2.3.7 Stratospheric Water Vapour

The TAR noted that several studies had indicated long-term increases in stratospheric water vapour and acknowledged that these trends would contribute a significant radiative impact. However, it only considered the stratospheric water vapour increase expected from CH₄ increases as an RF, and this was estimated to contribute 2 to 5% of the total CH₄ RF (about +0.02 W m^–2).

Section 3.4 discusses the evidence for stratospheric water vapour trends and presents the current understanding of their possible causes. There are now 14 years of global stratospheric water vapour measurements from Halogen Occultation Experiment (HALOE) and continued balloon-based measurements (since 1980) at Boulder, Colorado. There is some evidence of a sustained long-term increase in stratospheric water vapour of around 0.05 ppm yr^–1 from 1980 until roughly 2000, since then water vapour concentrations in the lower stratosphere have been decreasing (see Section 3.4 for details and references). As well as CH₄ increases, several other indirect forcing mechanisms have been proposed, including: a) volcanic eruptions (Considi ne et al., 2001; Joshi and Shine, 2003); b) biomass burning aerosol (Sherwood, 2002); c) tropospheric (SO₂; Notholt et al., 2005) and d) changes in CH₄ oxidation rates from changes in stratospheric chlorine, ozone and OH (Rockmann et al., 2004). These are mechanisms that can be linked to an external forcing agent. Other proposed mechanisms are more associated with climate feedbacks and are related to changes in tropopause temperatures or circulation (Stuber et al., 2001a; Fueglistaler et al., 2004). From these studies, there is little quantification of the stratospheric water vapour change attributable to different causes. It is also likely that different mechanisms are affecting water vapour trends at different altitudes.

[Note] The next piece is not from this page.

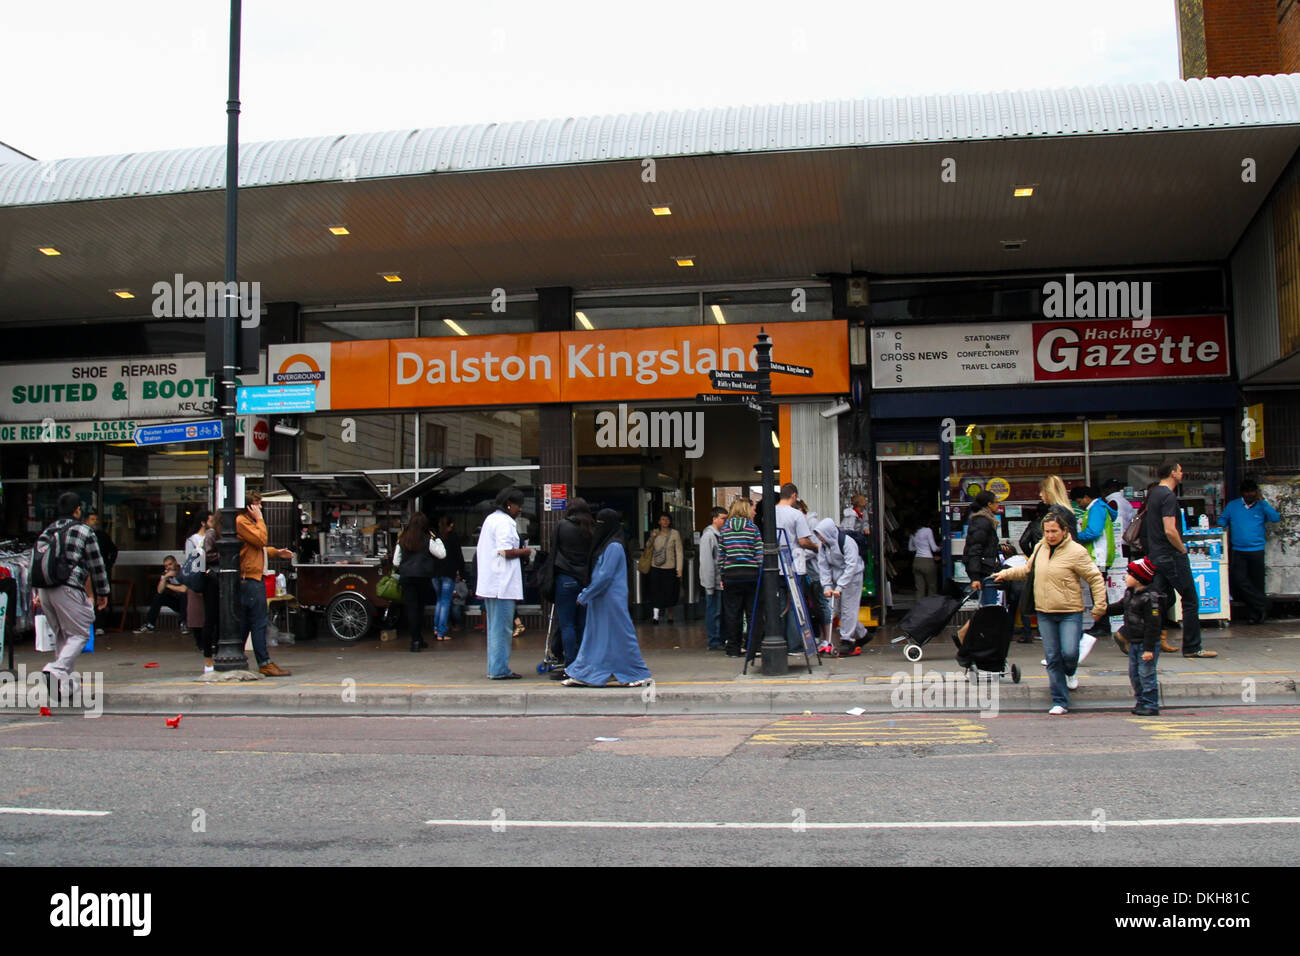 Dalston Kingsland Overground Station in East London - Stock Image

Since the TAR, several further calculations of the radiative balance change due to changes in stratospheric water vapour have been performed (Forster and Shine, 1999; Oinas et al., 2001; Shindell, 2001; Smith et al., 2001; Forster and Shine, 2002). Smith et al. (2001) estimated a +0.12 to +0.2 W m^–2 per decade range for the RF from the change in stratospheric water vapour, using HALOE satellite data. Shindell (2001) estimated an RF of about +0.2 W m^–2 in a period of two decades, using a GCM to estimate the increase in water vapour in the stratosphere from oxidation of CH₄ and including climate feedback changes associated with an increase in greenhouse gases. Forster and Shine (2002) used a constant 0.05 ppm yr^–1 trend in water vapour at pressures of 100 to 10 hPa and estimated the RF to be +0.29 W m^–2 for 1980 to 2000. GCM radiation codes can have a factor of two uncertainty in their modelling of this RF (Oinas et al., 2001). For the purposes of this chapter, the above RF estimates are not readily attributable to forcing agent(s) and uncertainty as to the causes of the observed change precludes all but the component due to CH₄ increases being considered a forcing. Two related CTM studies have calculated the RF associated with increases in CH₄ since pre-industrial times (Hansen and Sato, 2001; Hansen et al., 2005), but no dynamical feedbacks were included in those estimates. Hansen et al. (2005) estimated an RF of +0.07 ± 0.01 W m^–2 for the stratospheric water vapour changes over 1750 to 2000, which is at least a factor of three larger than the TAR value. The RF from direct injection of water vapour by aircraft is believed to be an order of magnitude smaller than this, at about +0.002 W m^–2 (IPCC, 1999). There has been little trend in CH₄ concentration since 2000 (see Section 2.3.2); therefore the best estimate of the stratospheric water vapour RF from CH₄ oxidation (+0.07 W m^–2) is based on the Hansen et al. (2005) calculation. The 90% confidence range is estimated as ±0.05 W m^–2, from the range of the RF studies that included other effects. There is a low level of scientific understanding in this estimate, as there is only a partial understanding of the vertical profile of CH₄-induced stratospheric water vapour change (Section 2.9, Table 2.11). Other human causes of stratospheric water vapour change are unquantified and have a very low level of scientific understanding.